生まれかわり―東大寺大仏縁起絵巻より (やまと絵本)
聖武天皇の前世は「ラクダ引きの男」?絵巻物をもとにした大人も楽しめる絵本です!
古くから伝わる「絵巻物」の絵を使用し、そこに分かりやすい文章をつけて絵本にした「やまと絵本」のシリーズ作品です。室町時代の初期(1536年)に東大寺僧によって編纂された『東大寺縁起絵巻』をもとに、大仏造立を発願した聖武天皇のエピソードが語られます。そのお話はこれまでに何度も読んでいるはずですが、ちょっと驚くような解釈が含まれていて、大人が読んでも楽しめました!
このシリーズは、前作は国宝「信貴山縁起絵巻」を扱った『空とぶ鉢―国宝信貴山縁起絵巻より (やまと絵本)』(紹介記事)でした。法力で米倉を空に飛ばすというSFアクション的な展開が痛快で、絵本としても素晴らしい作品になっていました。

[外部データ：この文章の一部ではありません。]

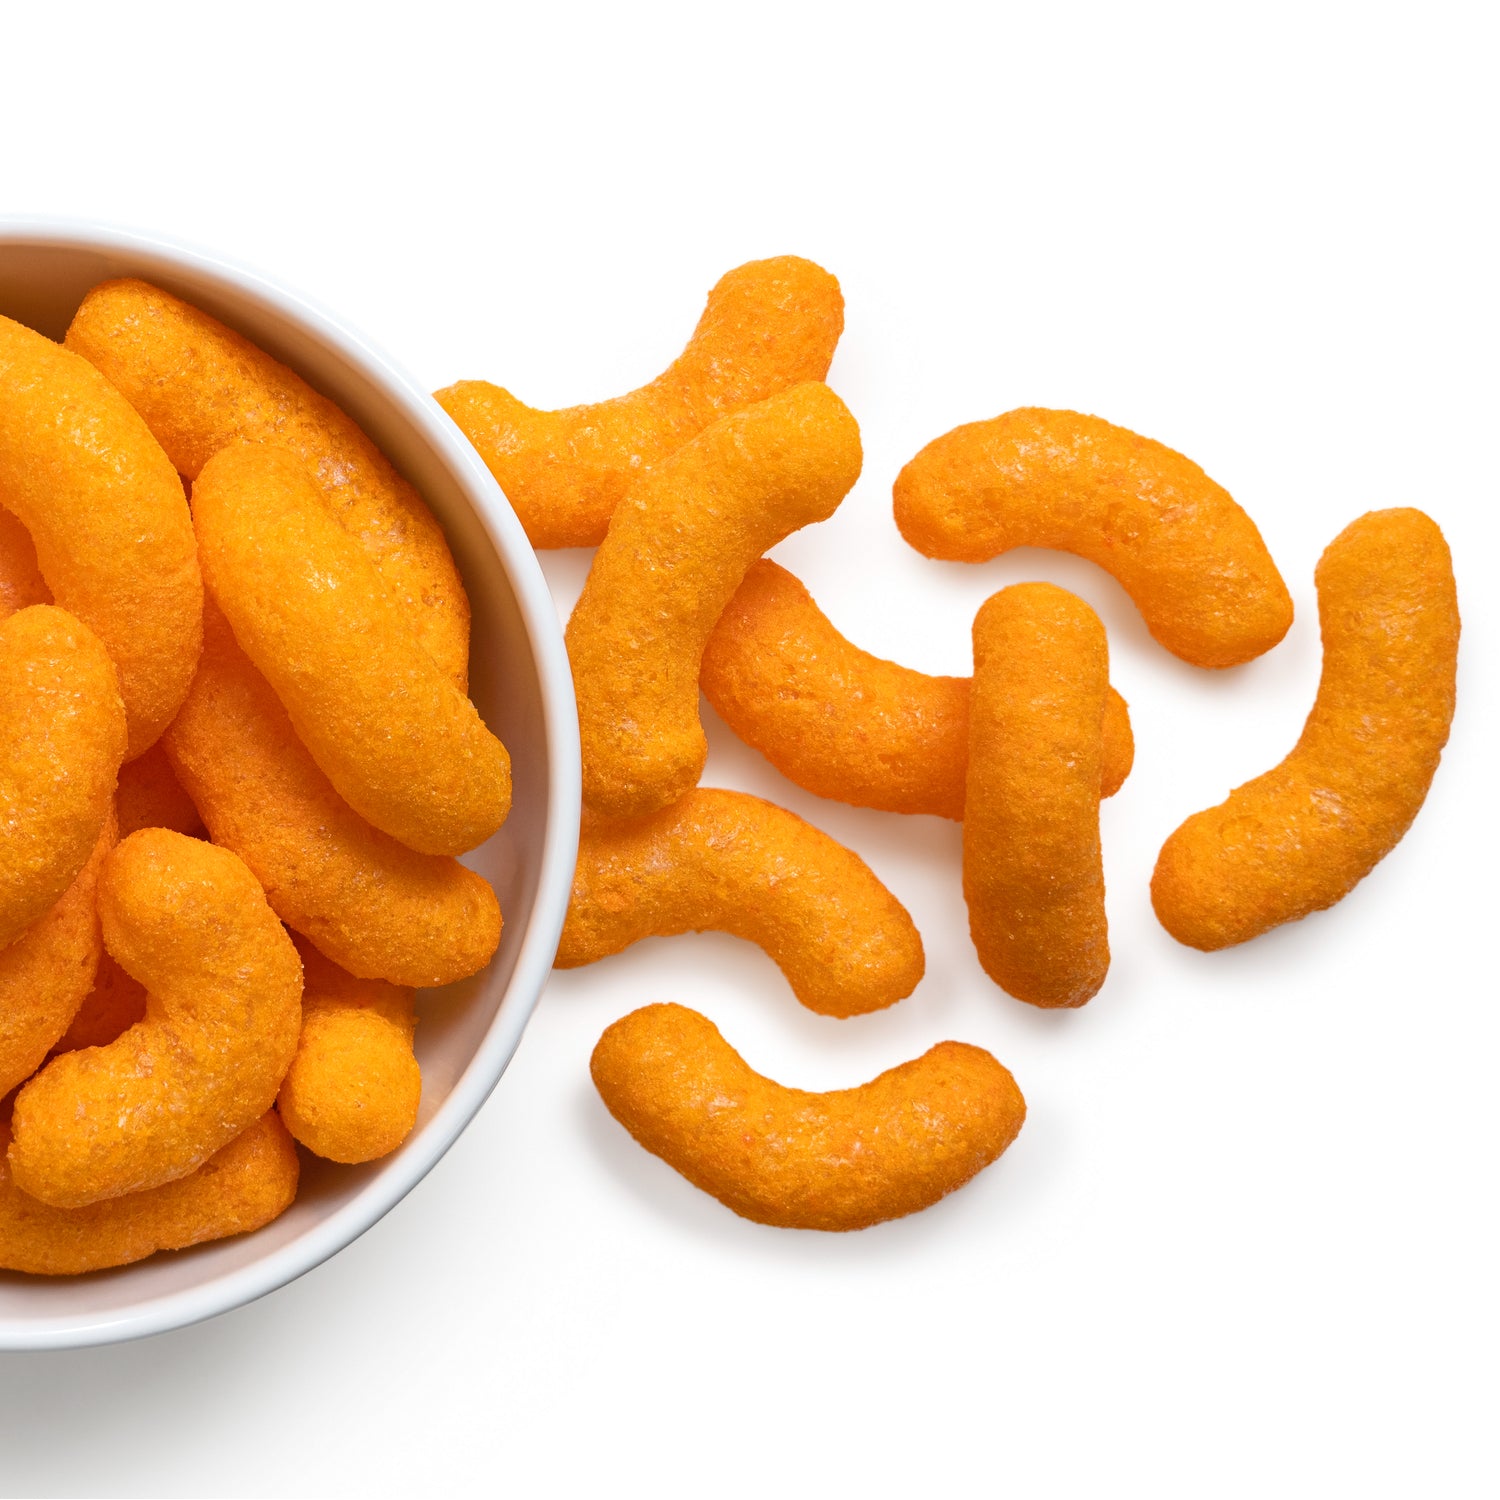 PUFFS  Cheetos
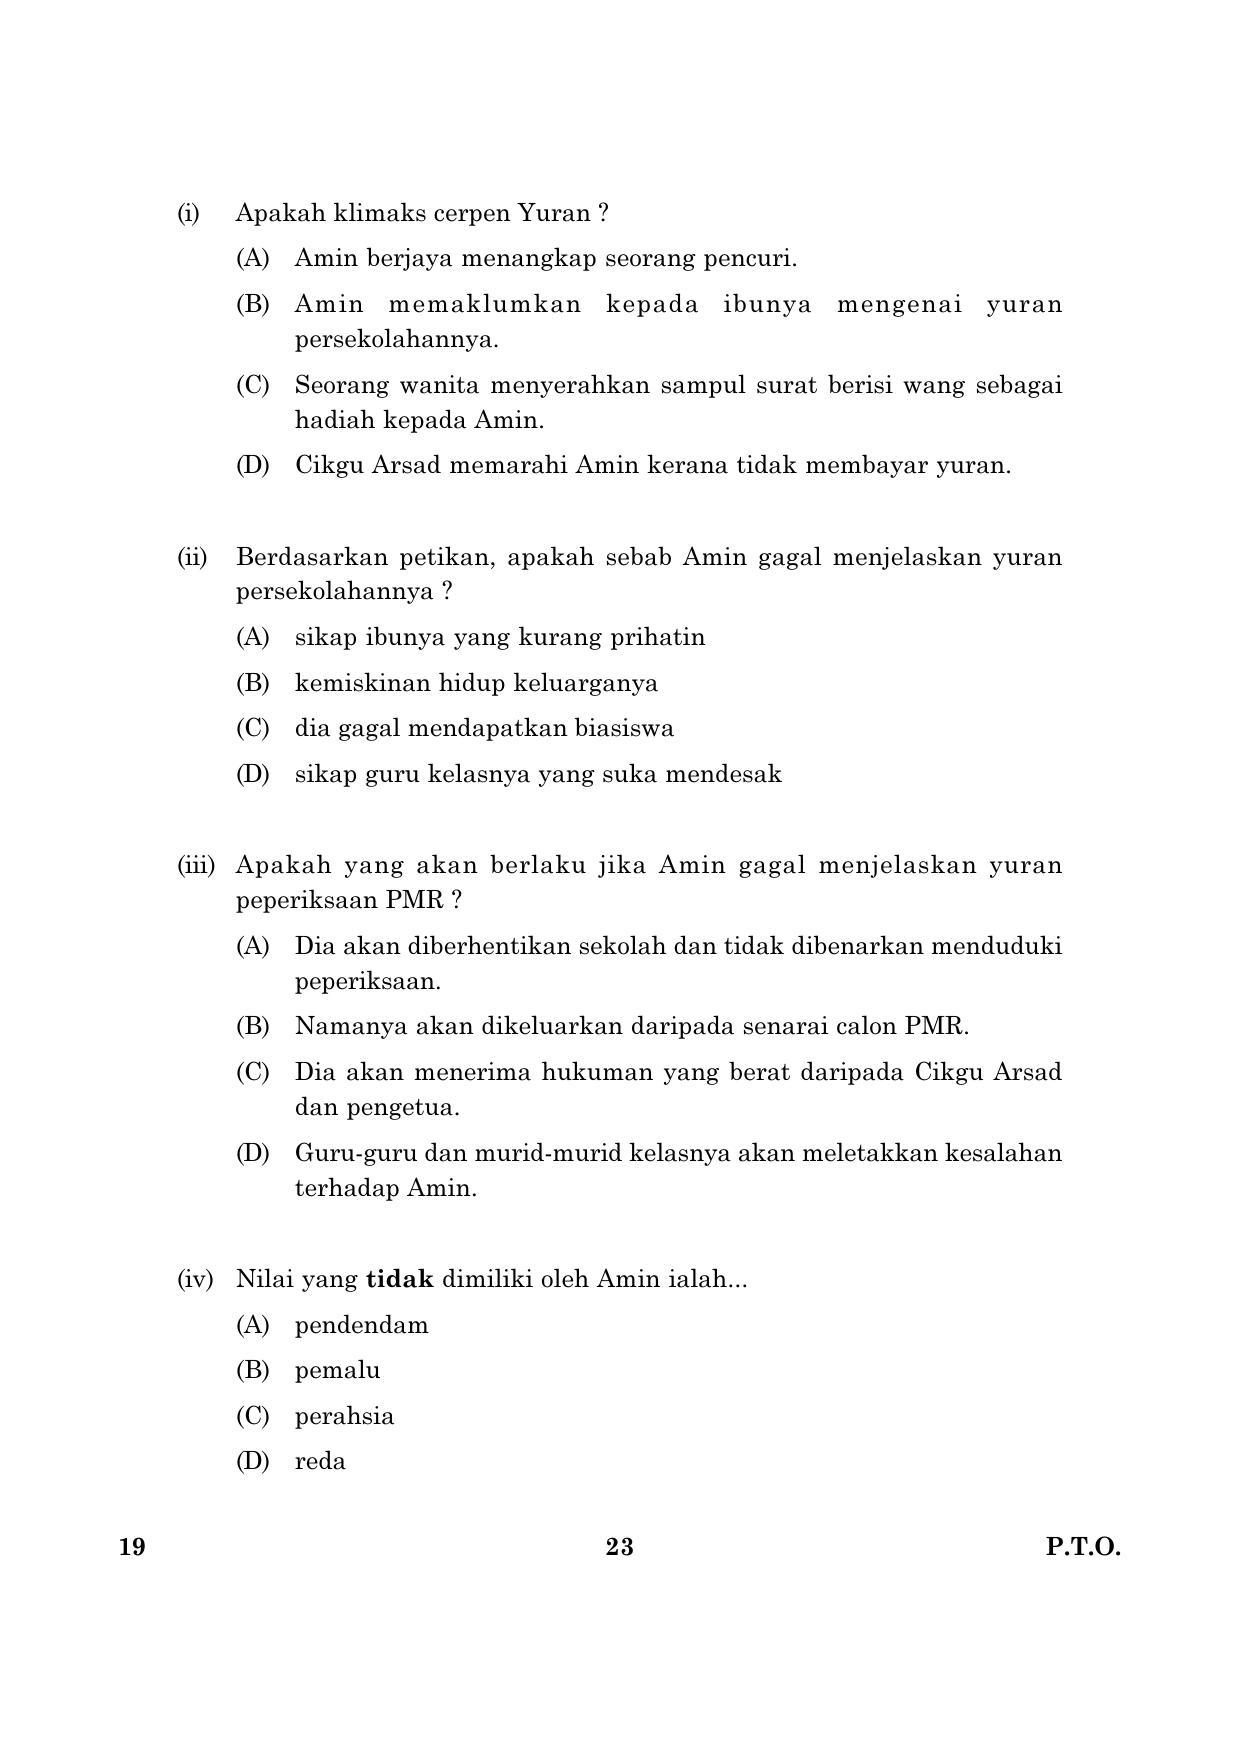 CBSE Class 10 019 Bahasamelayu English 2016 Question Paper - Page 23

一方、本作は「古代の奈良を舞台にしたファンタジーアドベンチャー」といった展開で、これが面白いんです!
お釈迦さまの前に集まった観音・弥勒・文殊・普賢の菩薩たちは、大仏を発願した聖武天皇、東大寺の開基である良弁、大仏造立の勧進を行った行基、落慶法要で導師を務めた菩提僊那として、天平の奈良に現れます。
さらに、その前世のことも描かれ、聖武天皇は僧侶を助けた「ラクダ引きの男」であったとか!この設定は他では見た記憶がありませんでした。
また、大仏さまのお顔が上手く鋳造できないで何度も作り直ししていたところ、川原の砂に上手な絵を描く牛飼いのこどもが見つかり、その子に任せるようにしたのです。すると二十五人の鋳物師が集まり、子どもとともに見事に大仏を鋳造しました。最後にわずかに銅が足りなくなったため、1万人の僧侶の香炉を溶かして使ったのだとか。牛飼いの子どもは十一面観音の化身であり、鋳物師たちは二十五菩薩だったんですね。
もとになった室町時代の「東大寺縁起絵巻」は、もともとあった20巻の難解な絵巻物をもとに、庶民にも分かりやすいように編集しなおしたものなのだとか。この絵巻物をもとに、寺への寄進を募るために作成されたのです。このため、話は分かりやすく、エンターテイメント性も必要だったんですね。
さらに、同じ東大寺縁起絵巻を題材とした続編に当たる『祈りのちから―東大寺大仏縁起絵巻より (やまと絵本)』も出版されています。こちらは大仏造立に尽力した良弁や、後の時代の重源の身に起こった奇跡を描いたものです。
これらの作品は、出版元の長崎出版の都合により、新刊では手に入りづらくなっているそうです。大人が読んでも十分に楽しめる絵本ですから、ぜひ探してみてください!